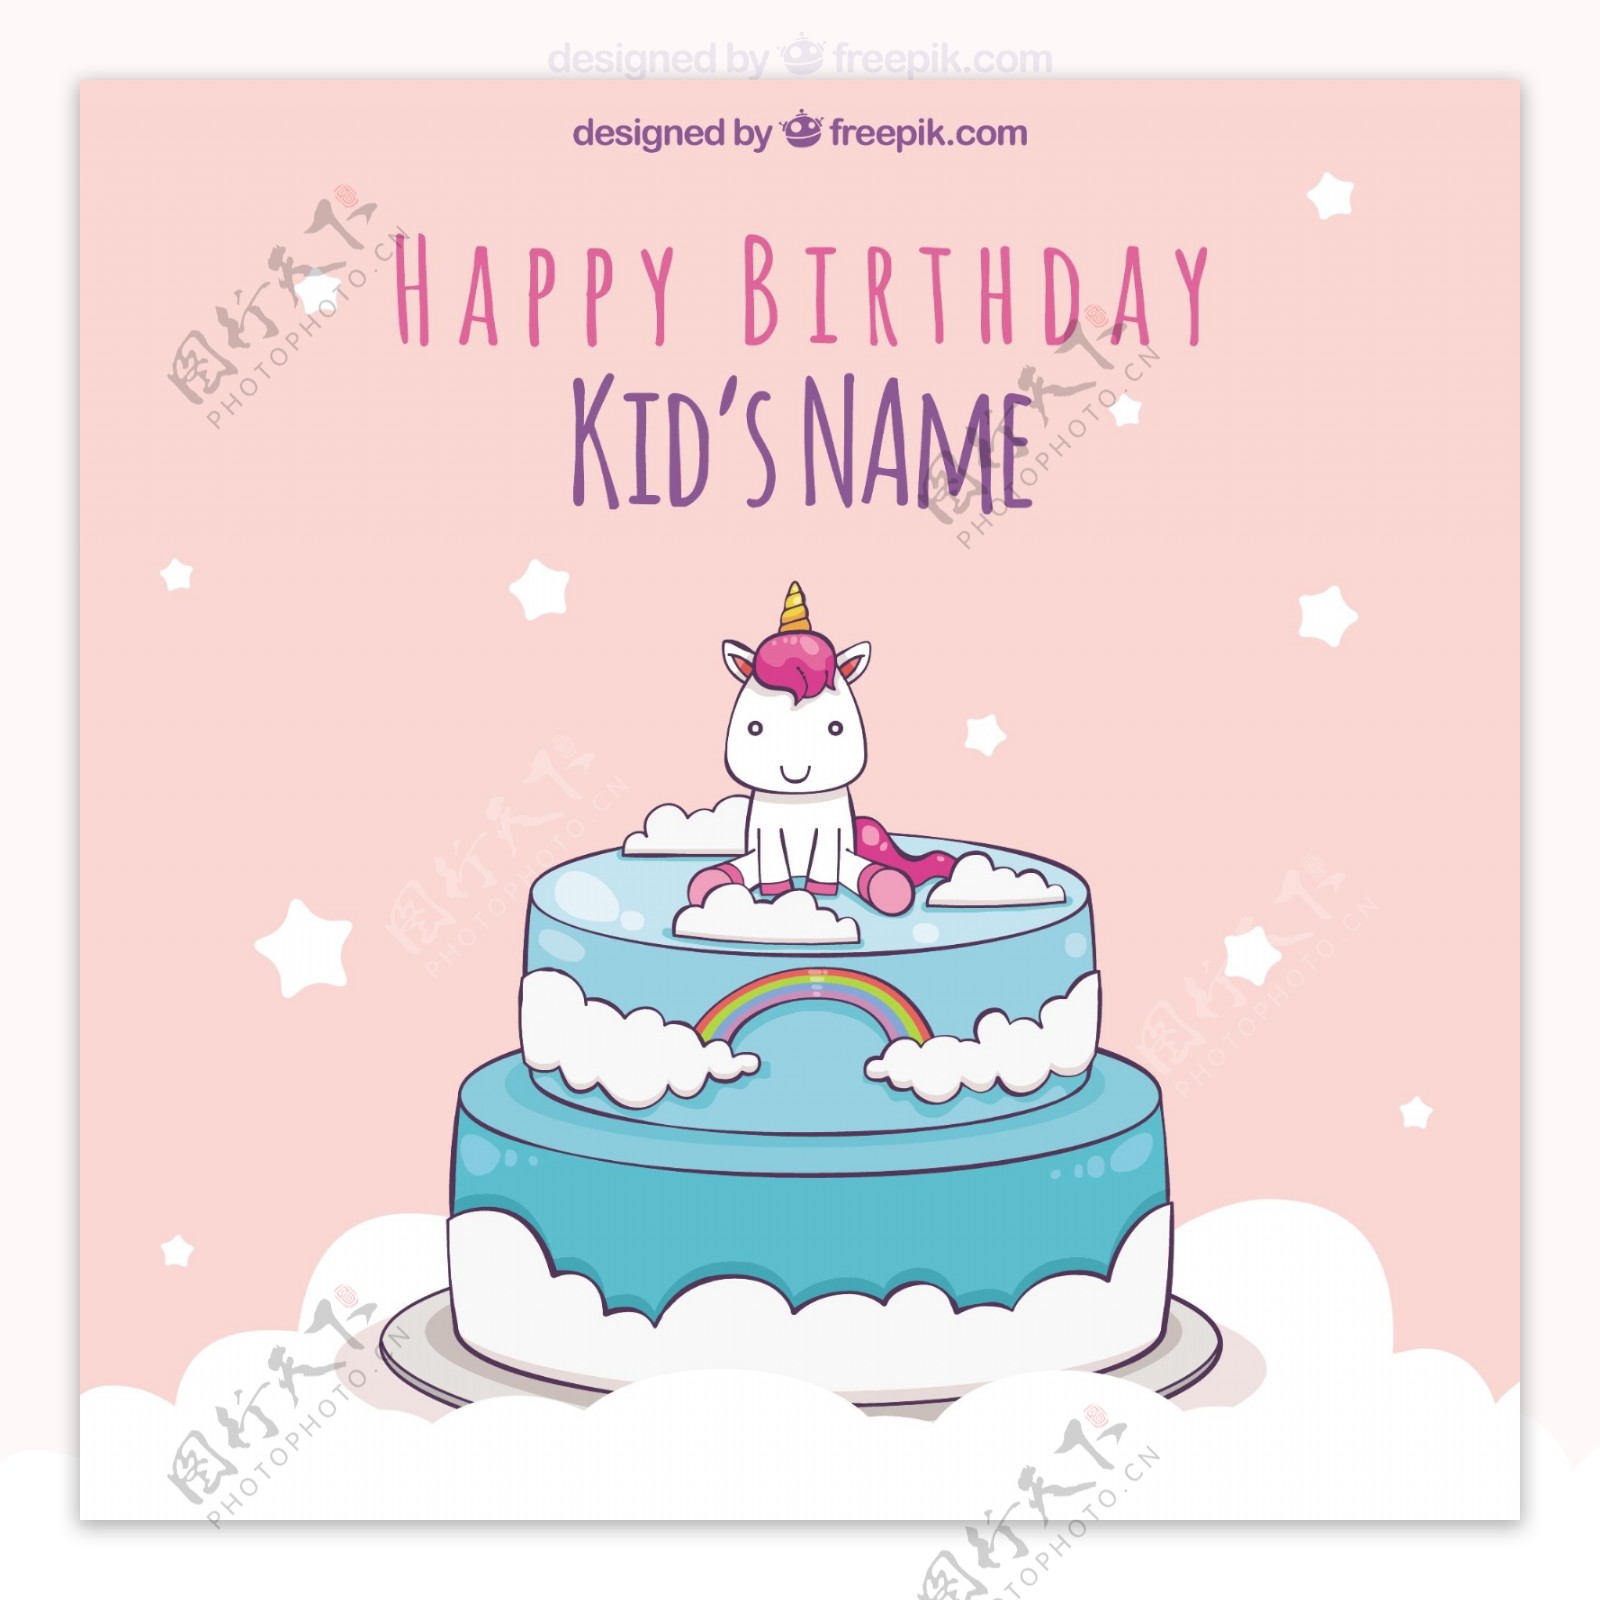 独角兽的生日背景在蛋糕的顶部
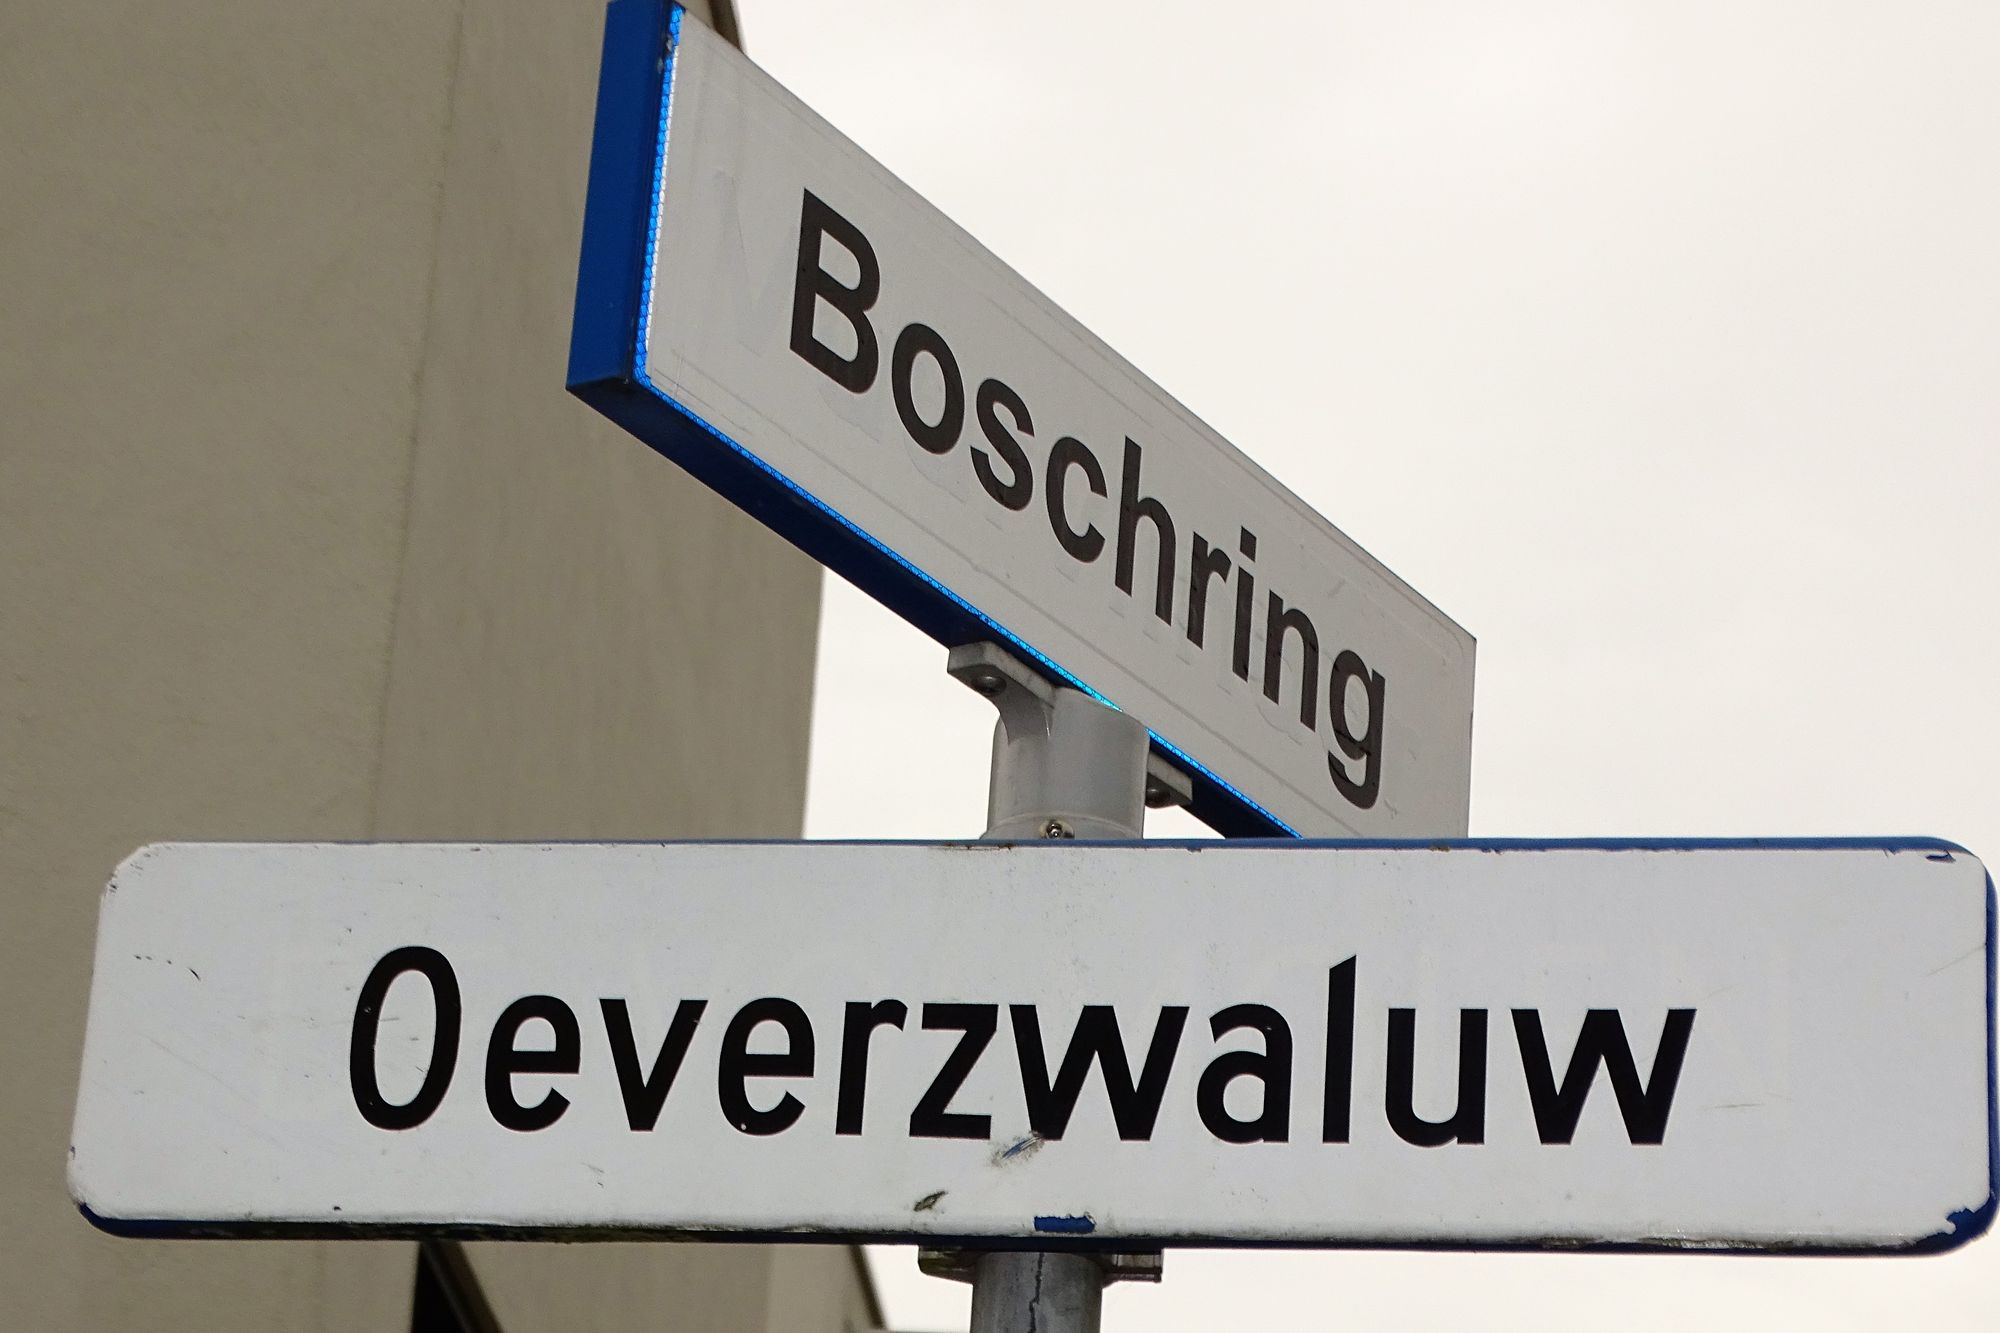 Straatnamen in Boschkens-west :
nomen est omen?

● Work order
Copy out all the data exactly. No images belong in the copy.

● Response to this exercise
 独角兽的生日背景在蛋糕的顶部
 Straatnamen in Boschkens-west :
nomen est omen?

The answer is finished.